Victor Hugo arrived in Guernsey in October 1855. He bought the house on 16 May 1856 with the revenues from the initial success of the publication of Les Contemplations. By owning it Hugo ensured that he could not be expelled from the island as Guernsey law prohibits the deporting of people with property on the island.
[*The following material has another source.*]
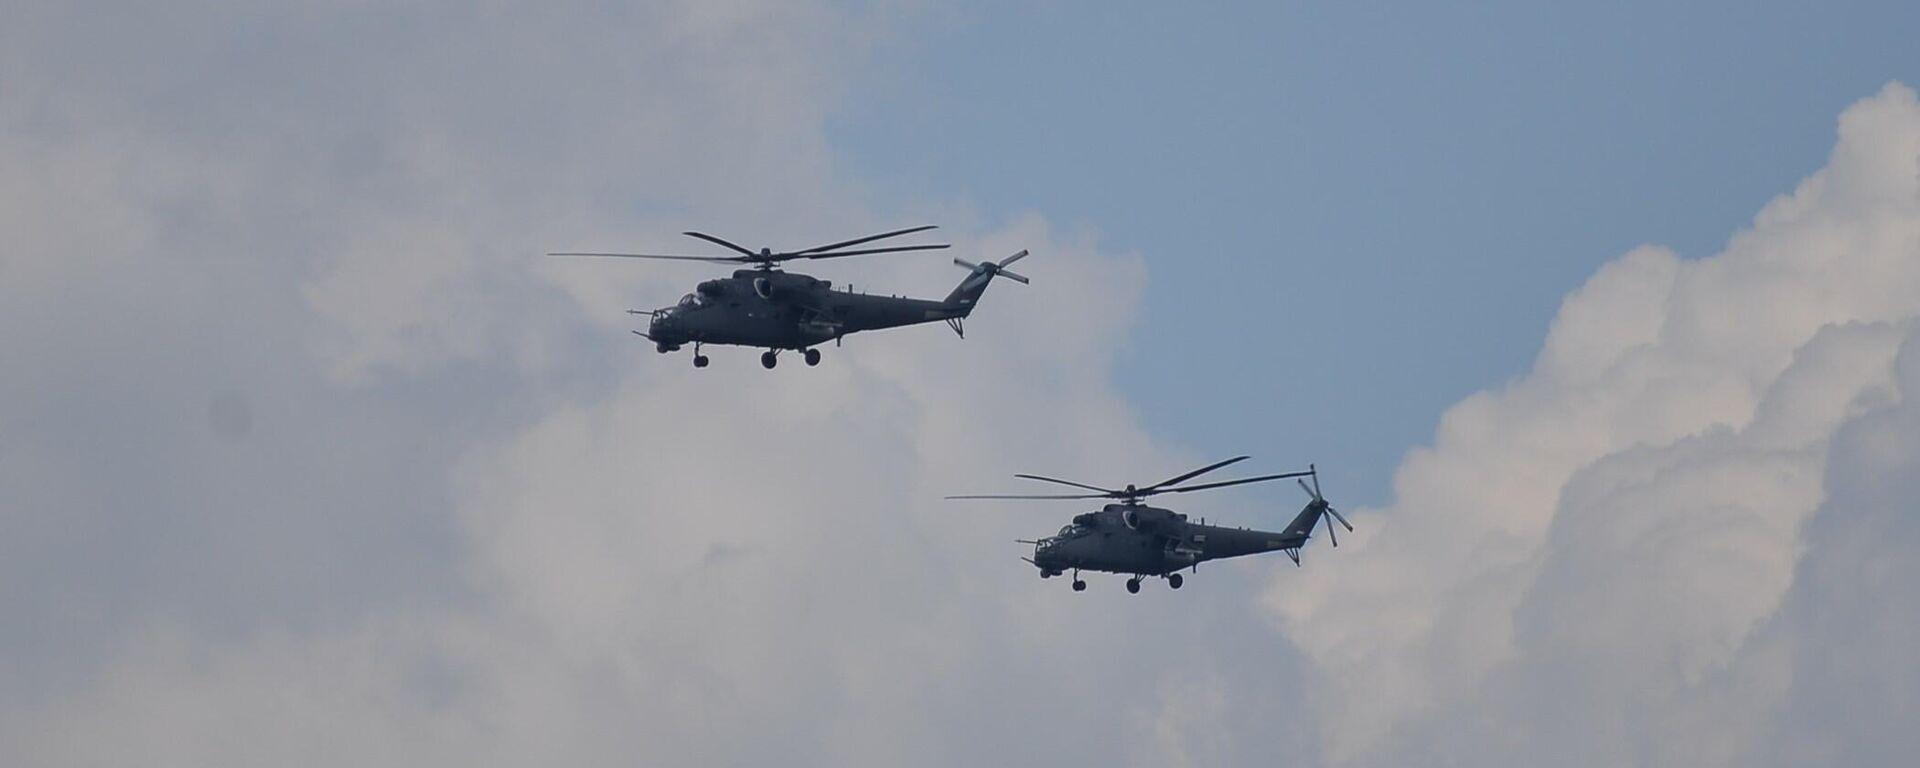 Хеликоптери Војске Србије Ми-35, познатији као ђавоље кочије или летеће тврђаве - Sputnik Србија, 1920, 01.10.2021

Hugo and his wife Adèle Foucher transformed, furnished and decorated the house during his exile from 1856 to 1870, and during a return visit in the summer of 1878. He named the house "Hautville", rather than Liberté, which had been his original intention. The house consists of four levels, with the top floor featuring a glazed lookout with a view of Saint Peter Port, Herm and Sark, and the islands near them. The garden is filled with trees and flowers that grow abundantly due to the mild climate.

20th and 21st Century

The City of Paris conserves the two houses that Victor Hugo lived in the longest : the Rohan-Guéménée mansion in Paris and the Hauteville House in Guernsey. Hauteville House was given to the City of Paris in 1927 by the descendants of Victor Hugo.

The structure of the building undertook a major renovation in 2008-9  and in 2017 an appeal was launched to pay for the renovation of internal decorations.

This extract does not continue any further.